Cold path: first request per region pays function init + (for voice) provider GPU spin-up; subsequent requests are warm.

frontendstatic SPA, single document + 3 sprite assets

functions2 × Node ESM serverless handlers

build stepoffline corpus compile → cached system prompt

secretsprovider keys — env only, never client-exposed

09Cost model

Per-interaction economics

Component	Driver	Order of magnitude
LLM text	cached prefix read + short completion	~$0.004 / msg (Sonnet 5)
Web search	per invocation, only when triggered	~$0.01 / search
Voice	per 1k characters synthesized	~$0.04–0.10 / 1k chars

The dominant efficiency lever is prompt caching: the ~7k-token persona prefix is written once and read at a fraction of input price thereafter, so marginal cost tracks completion length rather than prompt size.
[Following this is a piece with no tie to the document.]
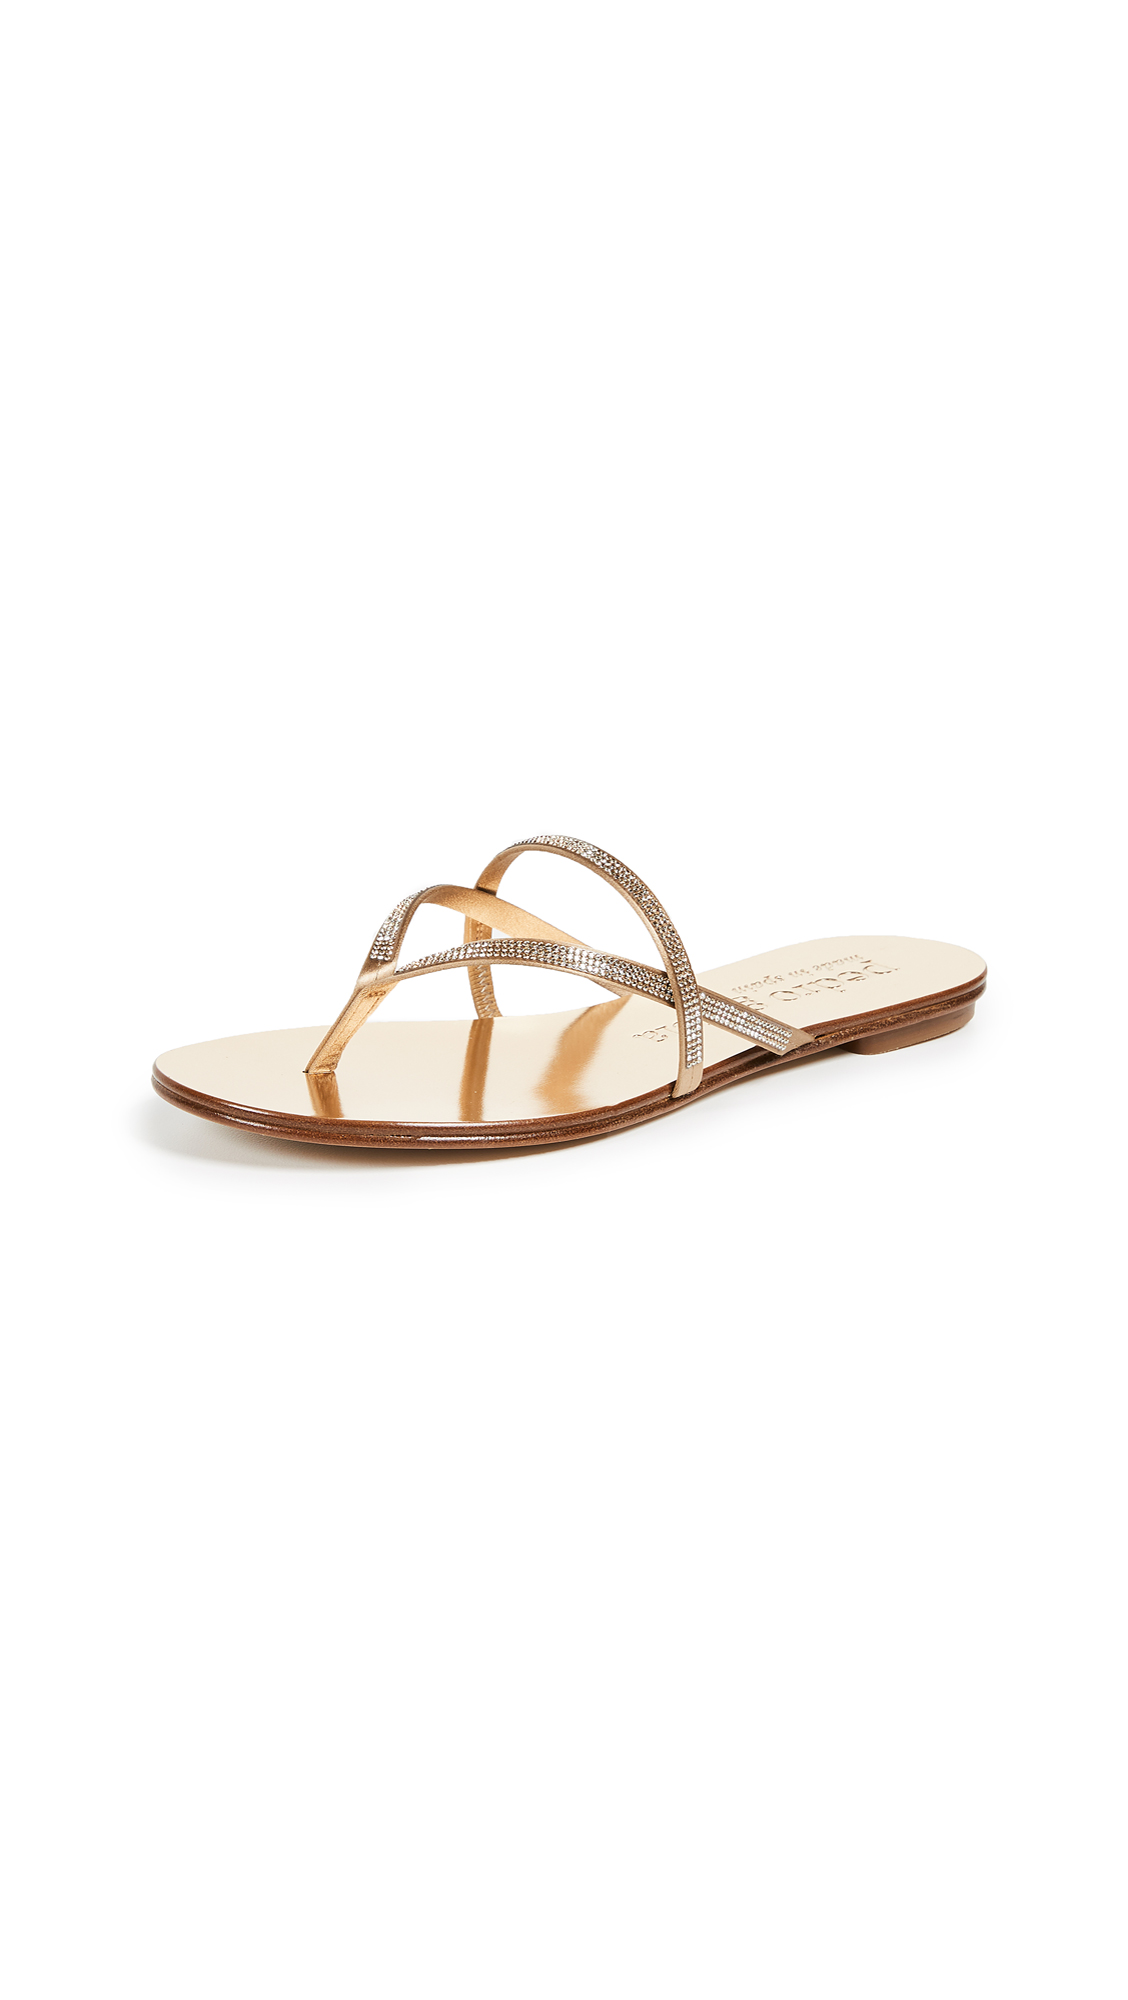 Pedro Garcia Sosie Thong Sandals - Ore

The operator override path is free of LLM cost entirely.

10Security & boundaries

Secret isolation: all provider credentials live in server-side environment variables and are never shipped to the client; the browser only ever talks to first-party /api/* routes.
Input bounds: user input is length-clamped and history-windowed to cap token exposure and prompt-injection surface.
Fail-soft: voice and search degrade gracefully; a provider outage never blocks a text reply.
Persona containment: grounding rules prevent disclosure of the underlying substrate or system identity.

Disclosure: this is a fan/parody persona system — an AI approximation, not the real person. All secrets referenced in this document are redacted; identifiers and endpoints are described generically.